* _Information supplied_
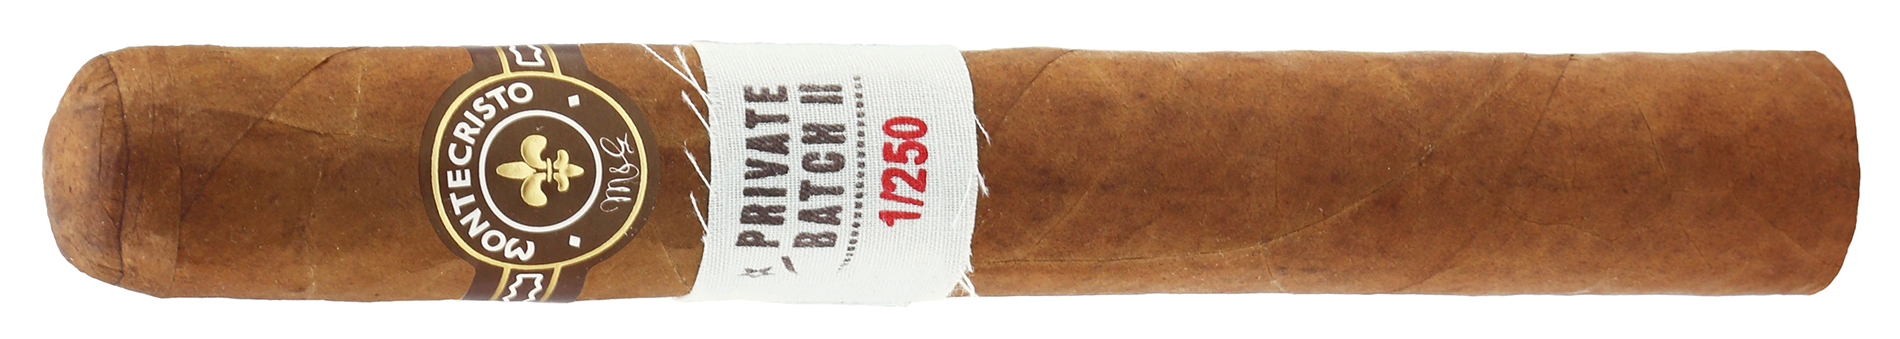 Montecristo Grupo de Maestros Private Batch 2 cigar
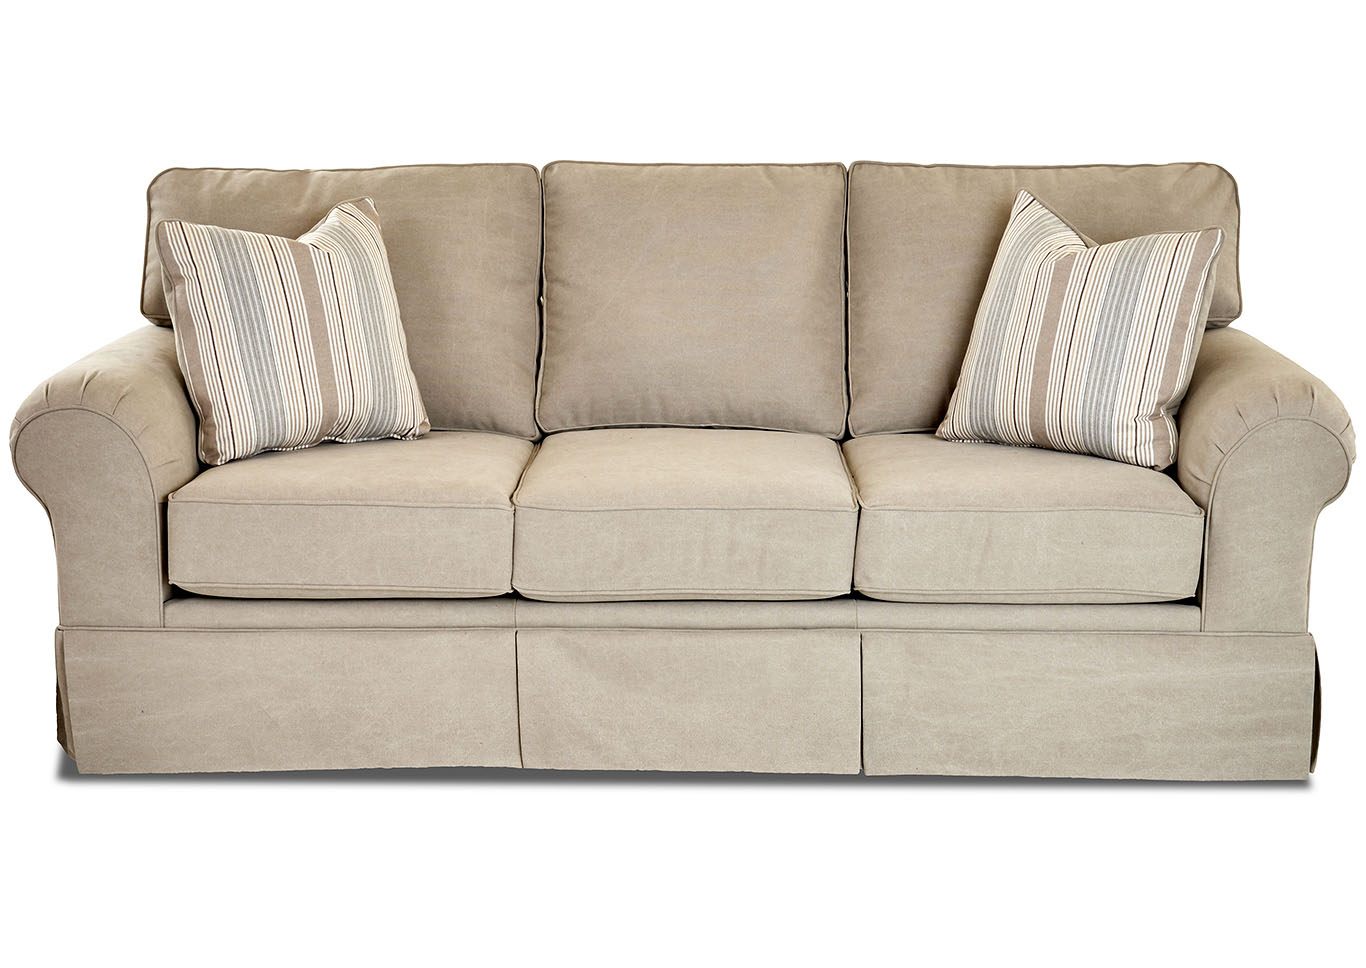 Woodwin Tibby Linen Fabric Sofa,Klaussner Home Furnishings
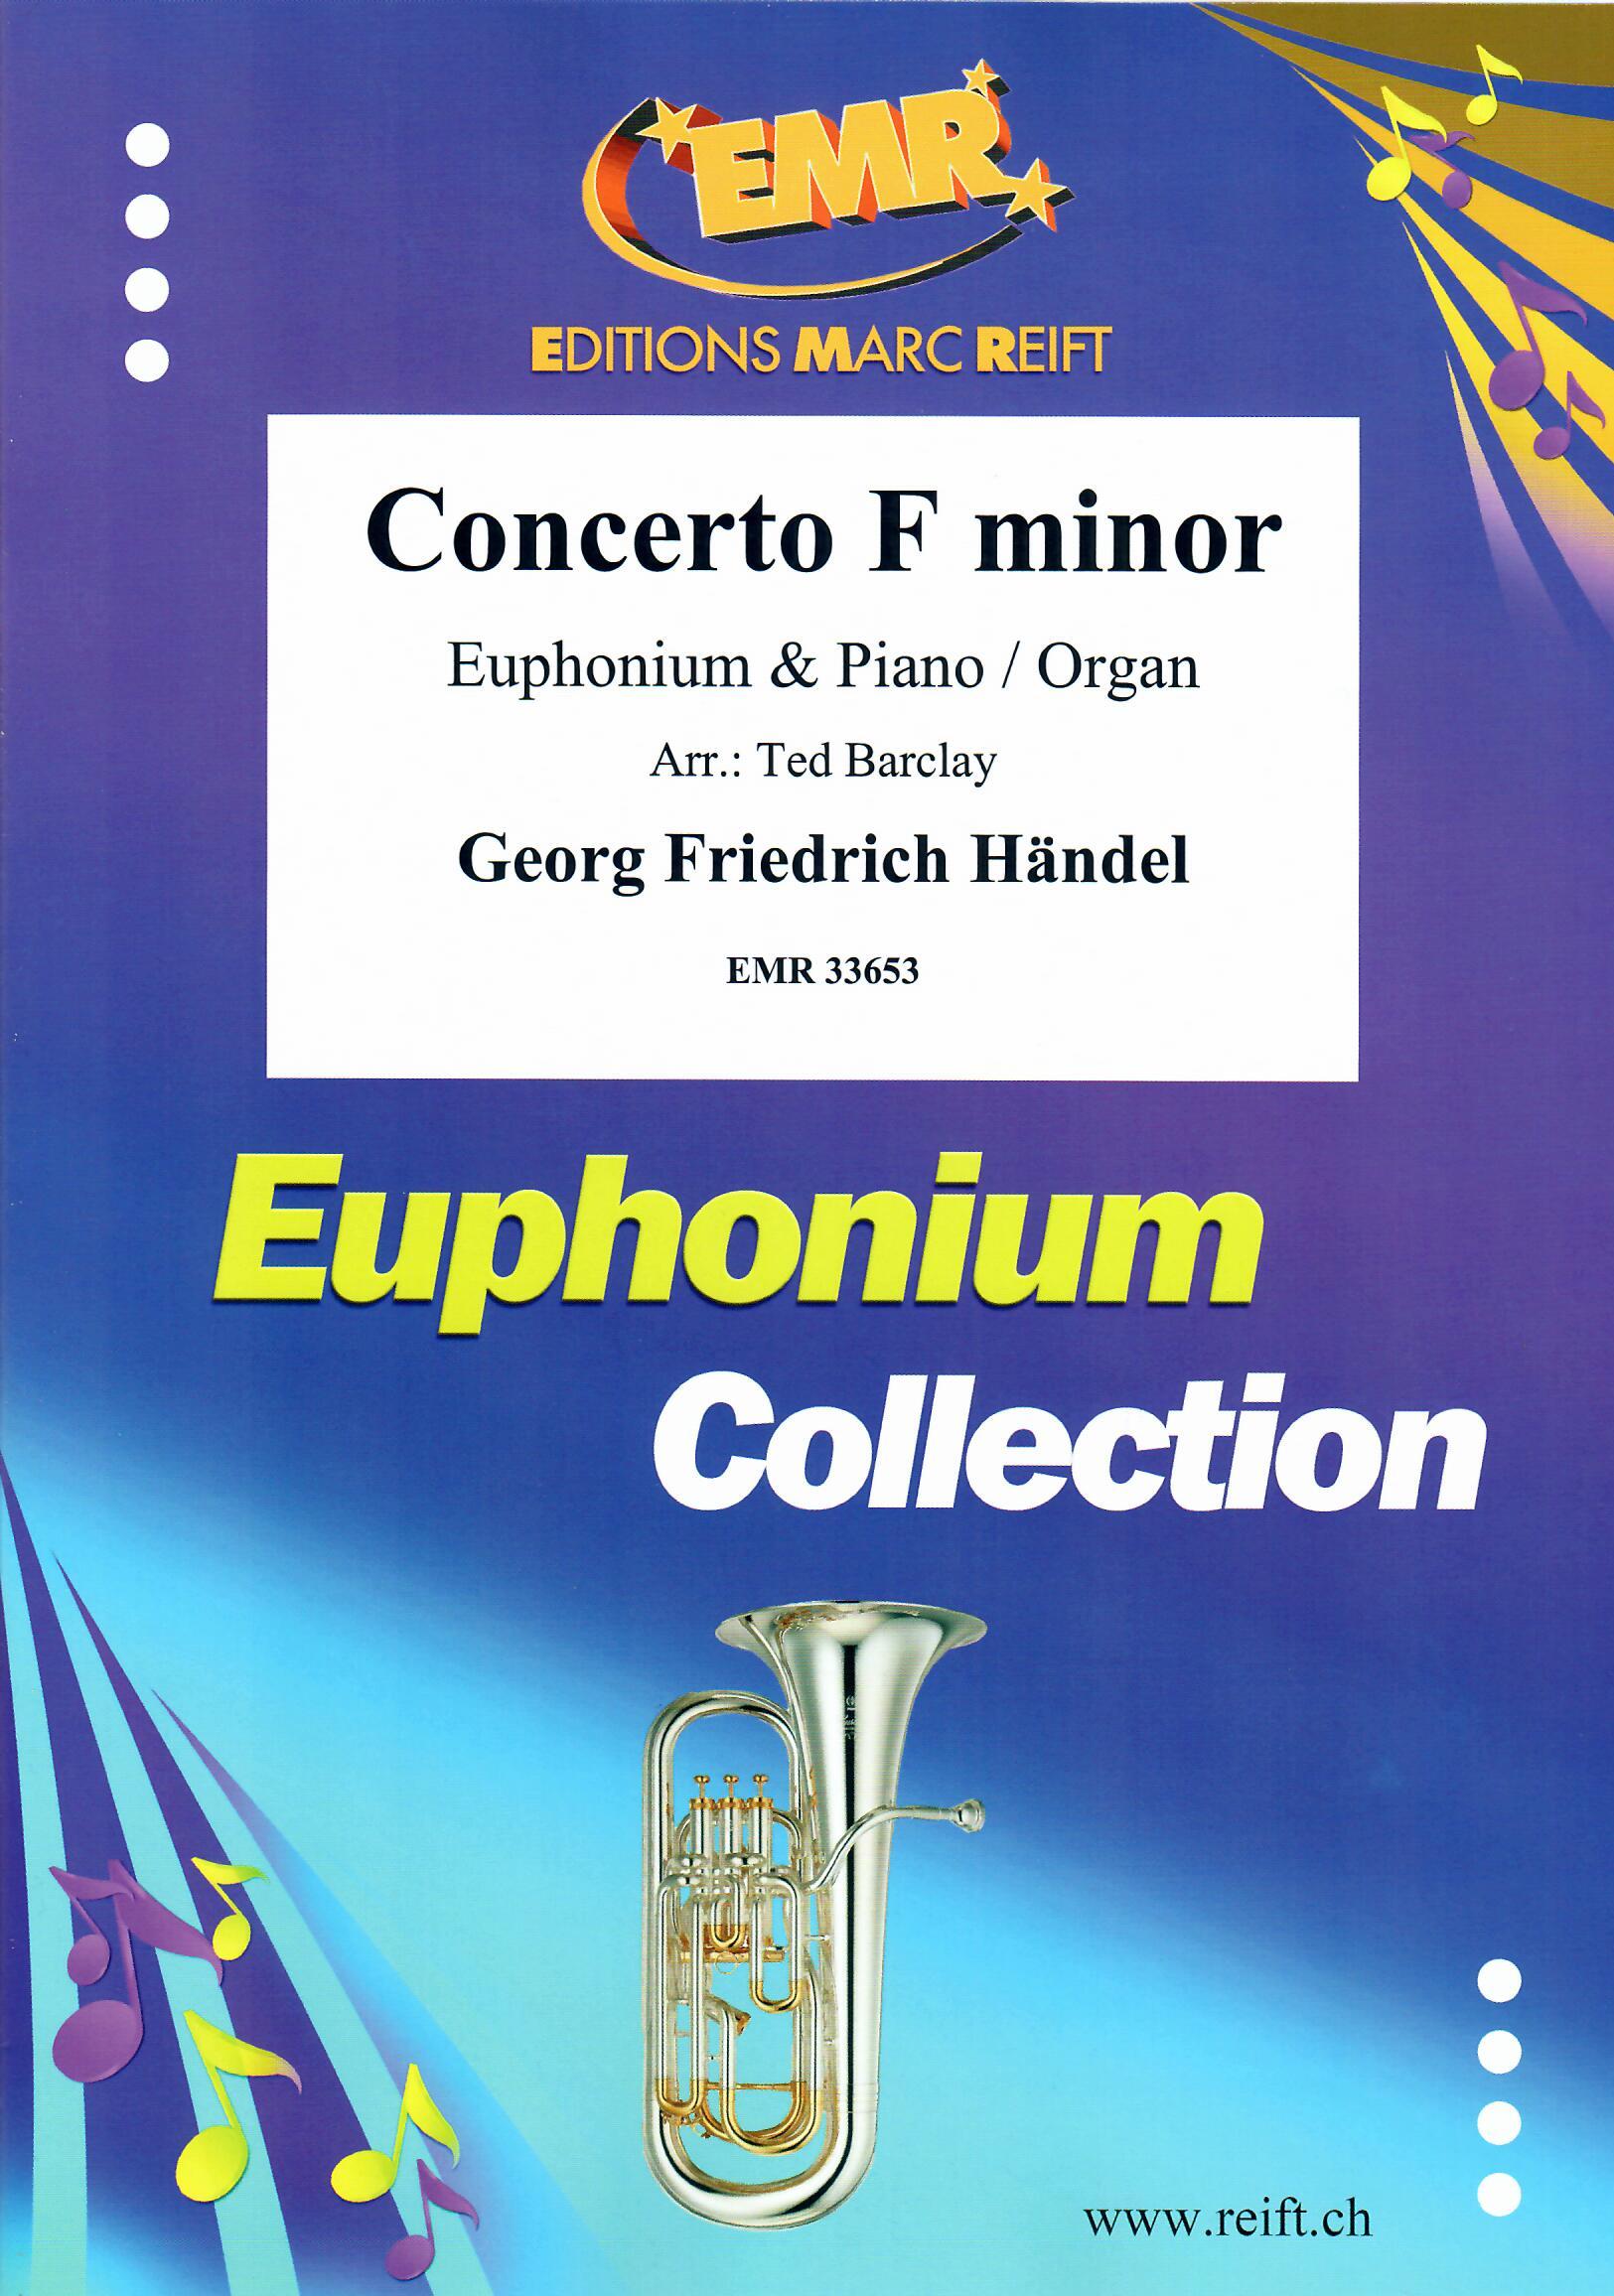 CONCERTO F MINOR, SOLOS - Euphonium
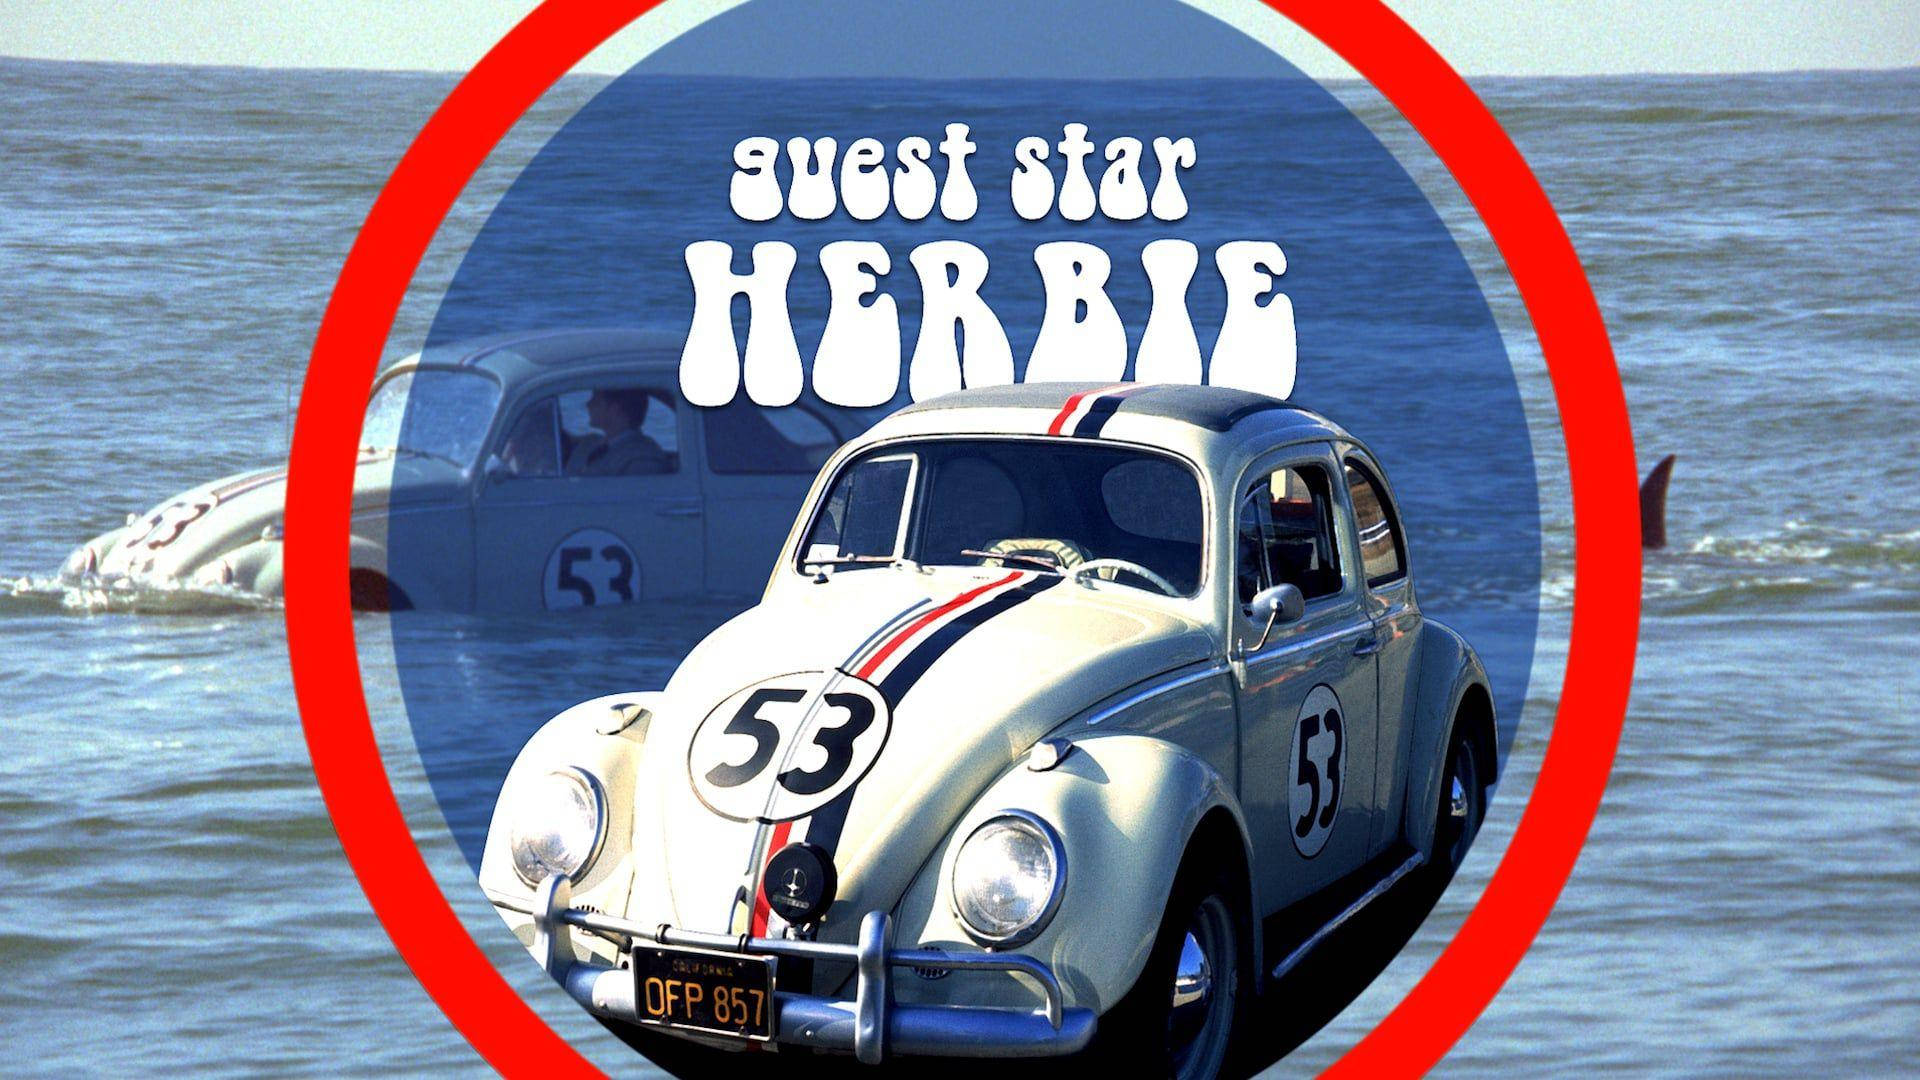 Herbie Fully Loaded Guest Star Wallpaper

* _Goal of the exercise_
Beginning at the line that contains "CONCERTO F MINOR, SOLOS - Euphonium", transcribe it and every later line through the last line of the data above, exactly, and drop the pictures.

* _Task result_
 CONCERTO F MINOR, SOLOS - Euphonium
 Herbie Fully Loaded Guest Star Wallpaper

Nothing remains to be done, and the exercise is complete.